What holds salespeople back from selling more?

They don’t spend enough time selling!

Salespeople typically spend twenty-five to thirty-eight percent of their time devoted to selling and getting orders.

The rest of the time is spent juggling balls, dealing with mistakes, fixing problems, fulfilling orders,searching for information, spending time in unproductive sales meetings,managing inventory, collecting data for company CRM reports, and servicing accounts to reduce customer costs.

No wonder salespeople complain there’s not enough time to sell.

Selling efforts must be organized for maximum performance; time is a limited resource. You may be working to hard to get things done, but the sales job is to work smart and make things happen.

Successful Selling Is About Productivity, Not Activity.

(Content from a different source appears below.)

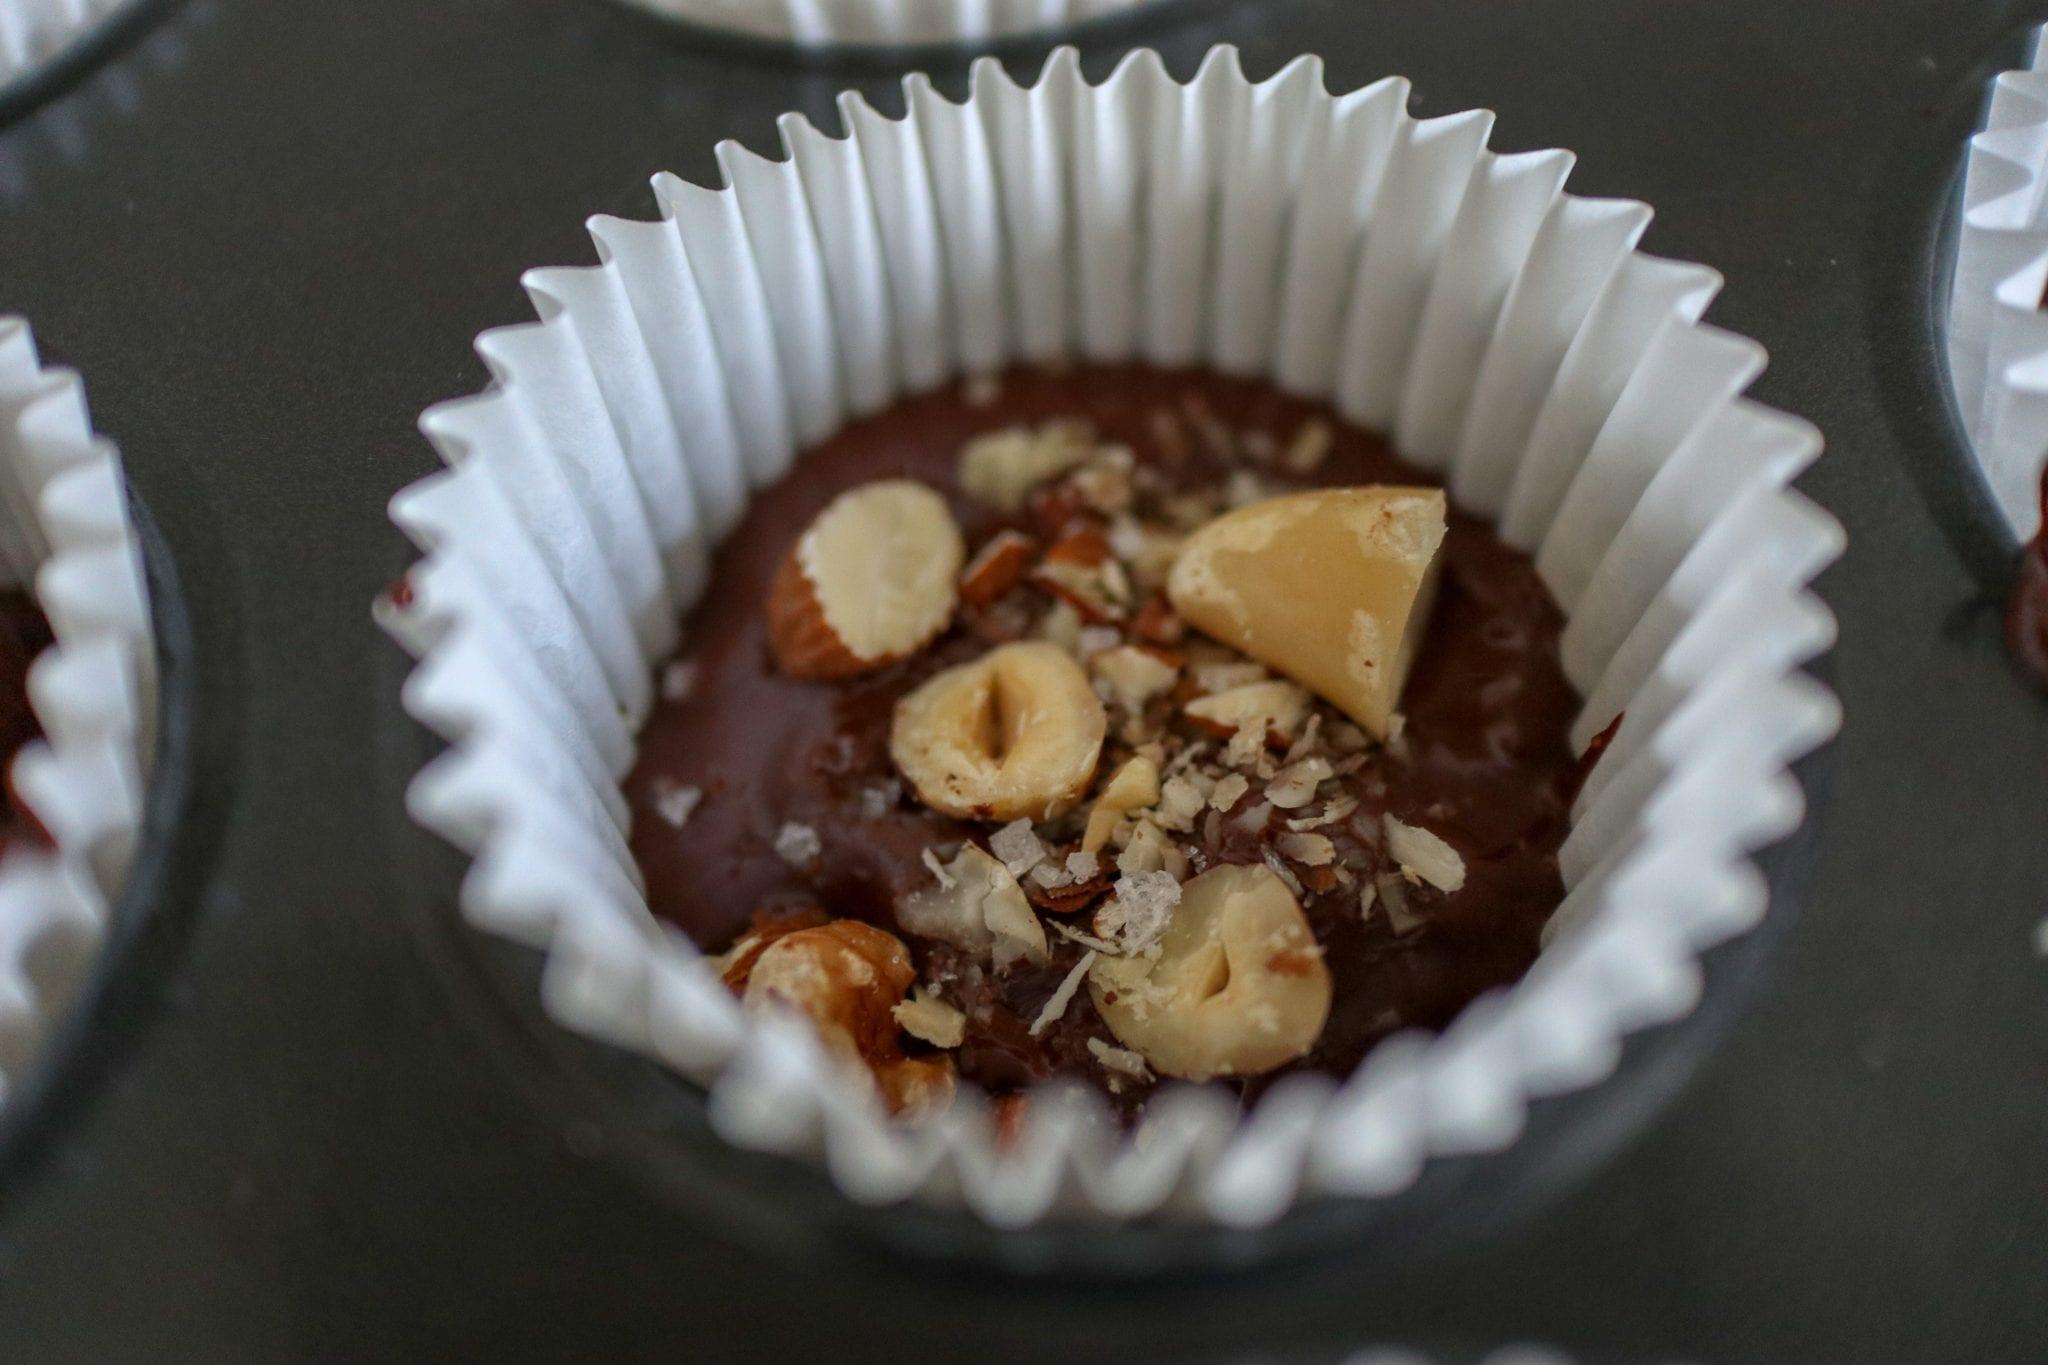 10 Minute Peanut Butter Nut Cups

Here’s a simple two-step plan to help focus on what really matters; closing deals and making sales.

#1 – Stop creating a daily schedule of things to do

Every action we take does not have equal impact on achieving success or reaching goals.

If you don’t use this principle to your advantage it’s likely to accelerate poor performance and eventually lead to failure.

Use time and organization as a selling asset. Without a sense of priority, time may be eaten up dealing with things that have little to do with achieving goals.

Become a master of structuring activities for peak efficiency.

#2 – Start scheduling your top priorities first

The concept of “fit” or knowing how to fill up a jar with rocks, pebbles and sand illustrate the importance of doing the critical things first:

Start with a large jar. To fill the jar completely, put the big rocks in first. Next, add the pebbles and finally, fill the jar with sand. If you have a jar filled with rocks, pebble sand sand, you have effectively filled in the space.

However, if you empty the jar and fill it with the sand first, you will not be able to put all the rocks and pebbles back in the jar.

Just like getting the big rocks in the jar, manage time by scheduling priorities before you move on to less important tasks.

Don’t lose track of what you’re hired to do or what the sales job is. Salaries, commissions, advancement, added responsibility and security are based on your ability to perform.

What separates average salespeople from top sales performers is focus. Get more efficient at doing what works and dumping what doesn’t.

Don’t try and do it all, just do the sales two-step. It’s only what you sell and the deals you create that get measured,applauded and rewarded.

Copyright 2009 Brian J. Bieler – Reprints welcome so long as byline and article are published intact and all links made live.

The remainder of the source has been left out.